Belinda MacDonald was the co-winner of New Zealand’s first My Kitchen Rules competition. Since then she’s championed her take on deliciously healthy fare. Flavour Kiss is her second cookbook, packed with low-carb-centric food that’s big on fun, vibrancy and most of all flavour, as exampled by these four high-impact recipes.
Garlic yoghurt toum with sweet potato crisps and za’atar
Toum is a Lebanese garlic dip, which is really spicy and garlicky-lemon-licious. It can also be thinned and used as a dressing or marinade — I love it with chips or crunchy celery or cucumber.
Place the peeled garlic bulb, water and salt in a food processor and process until pureed. Slowly add in the extra virgin olive oil until the mixture emulsifies and becomes whipped, light and creamy, like mayonnaise, then add the yoghurt to make it into a dip. Mix in the lemon juice, to taste.
Serve garnished with dill and za’atar and with sweet potato crisps for dipping. It will keep in a container in the fridge for up to 1 week.
These cabbage “tacos” are filled with juicy lamb mince, infused with Greek herbs, olives and red wine, topped off with creamy feta and crunchy pumpkin seeds. Absolutely delicious. Once assembled you could bake the cabbage tacos in a moderate oven if desired.

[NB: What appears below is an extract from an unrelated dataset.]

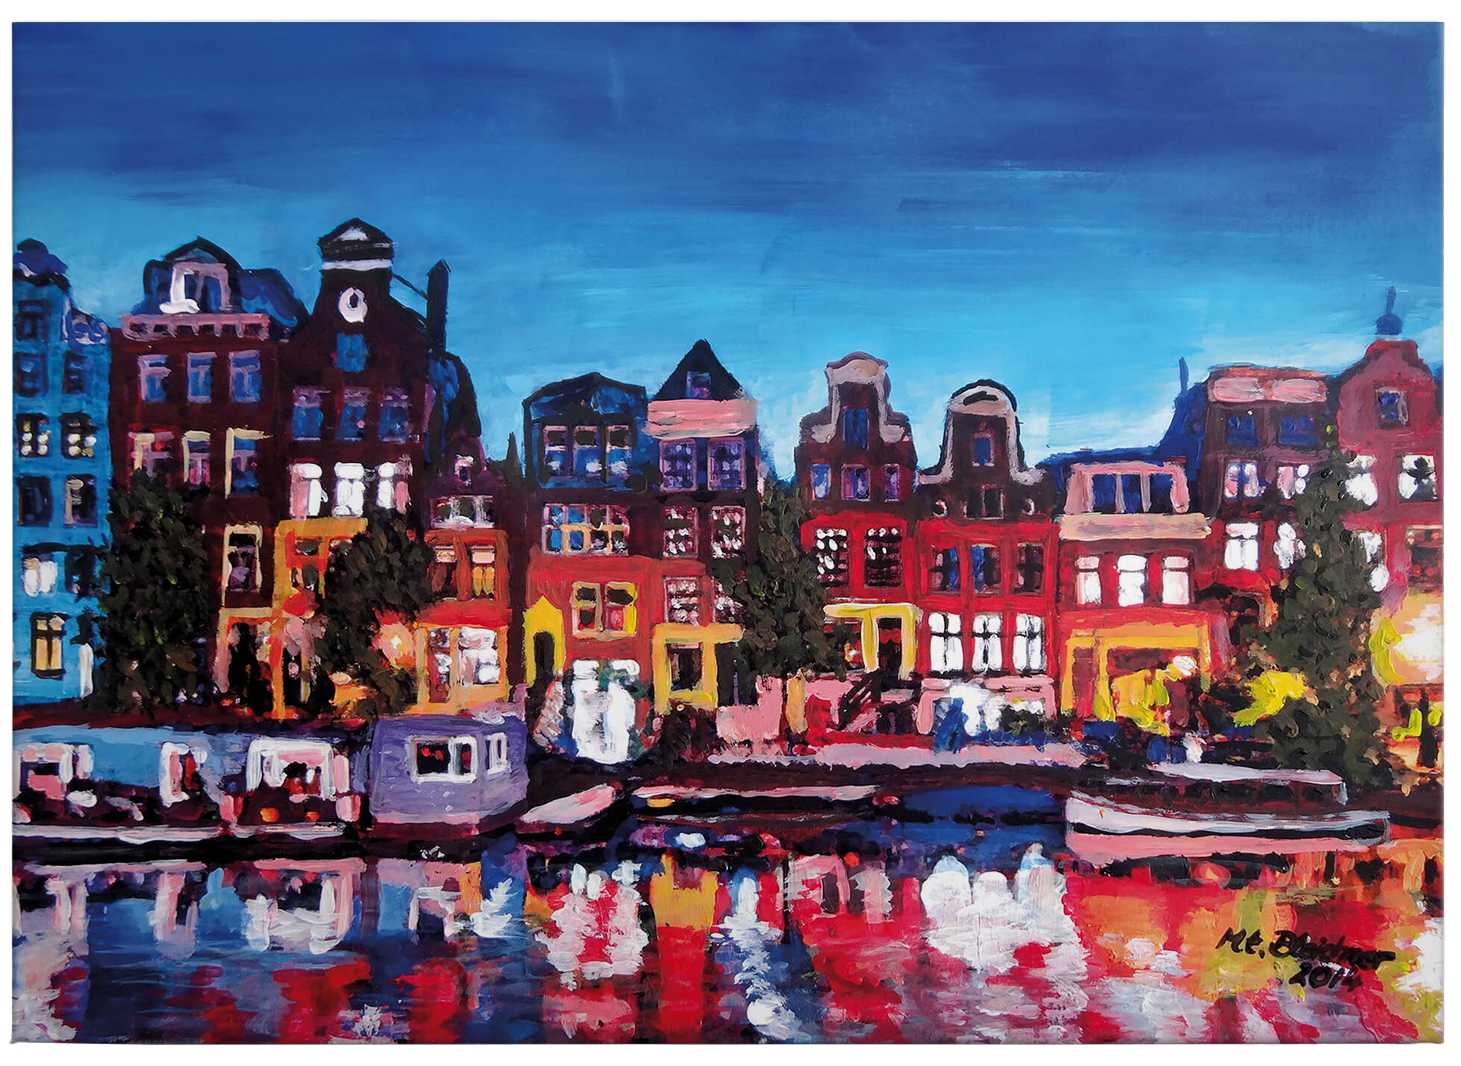             Peinture sur toile "Amsterdam" de Bleichner - 0,70 m x 0,50 m

1 small red cabbage, leaves carefully pulled apart
Start off by frying your lamb mince in a dry frying pan over a medium-high heat for 10 minutes, till crumbly and golden brown. Drain off any extra lamb fat and transfer the lamb to a bowl.
Heat the olive oil in the same frying pan over medium-high heat, add the onion and cook for a few minutes until softened down and sweet, then add the garlic, herbs and cinnamon. Return the lamb mince to the pan and tip in the olives, if using, passata, wine and balsamic vinegar to bubble away until most of the liquid is absorbed. You want quite a dry mix so the tacos are not too messy or drippy. Season, taste and adjust as necessary. Set aside, or you can pop it in a low oven to keep warm.
Pop the pumpkin seeds into a skillet pan with a smidge of olive oil and get them nice and toasty. Season well and set aside.
Spread out the cabbage leaves on a wooden board and spoon a little warm mince into each. Top with feta, pumpkin seeds and extra fresh herbs and let everyone dig in.
Spinach & ricotta gnudi with lemon, sage and pine nut brown butter sauce
Serves 3-4
The soft, pillowy gnocchi-like dumplings are made with ricotta instead of potato, which makes them lighter and less chewy than their cousins. The gnudi are then baked instead of boiled and drenched in a wonderfully buttery finger-licking sauce.
Preheat the oven to 180C. Line a baking tray with baking paper.
First up, blanch the spinach by boiling the kettle and pouring the boiling water over the spinach to wilt. Drain off the water quickly, as otherwise it will continue to cook. Allow the spinach to cool slightly, then squeeze dry with your hands and chop finely.
Place the spinach in a bowl with the remaining gnudi ingredients and mix well. Roll the mixture into balls, then place them on the prepared tray and bake for 20 minutes or until golden. While they are baking make the sauce.
Place the butter in a saucepan or frying pan over medium-high heat. Once the butter has nearly melted, add the sage leaves, pine nuts and dried chilli flakes, and continue to cook for 2–3 minutes, until the sage is frizzled and the butter has gone a lovely golden-brown colour and smells sweet and nutty. Remove from the heat and squeeze in the lemon juice. Stir to combine.
Place the gnudi in a serving bowl and drizzle with the butter sauce, then add shavings of parmesan and season once more. Serve immediately.
Waldorf-y in vibe, this is a real fave of mine with its bright, fresh, crunchy notes and a real zing that screams sunshine even in the heart of winter. The ashed goats cheese adds a distinctive earthy flavour with subtle smokiness, and offers a beautiful colour pop of charcoal and crisp white.
Place your hazelnuts on a baking tray, then dry-roast for about 10 minutes (make sure you set the timer, you do not want to burn them). Remove, cool slightly and pop into a clean tea towel, rubbing to remove the excess skins. Chop roughly and set aside.
Using a mandoline, food processor or sharp knife, finely shave your fennel bulb and place on a serving plate, reserving the fronds. Follow with your grapes, ashed goat’s cheese, chopped hazelnuts and plenty of parsley. Fold everything gently to combine. Sprinkle over lemon zest, then squeeze the juice into a jug and stir in some extra virgin olive oil, to make a simple dressing. Pour this all over the salad, season well, top with fennel fronds and take it to the table to tuck in.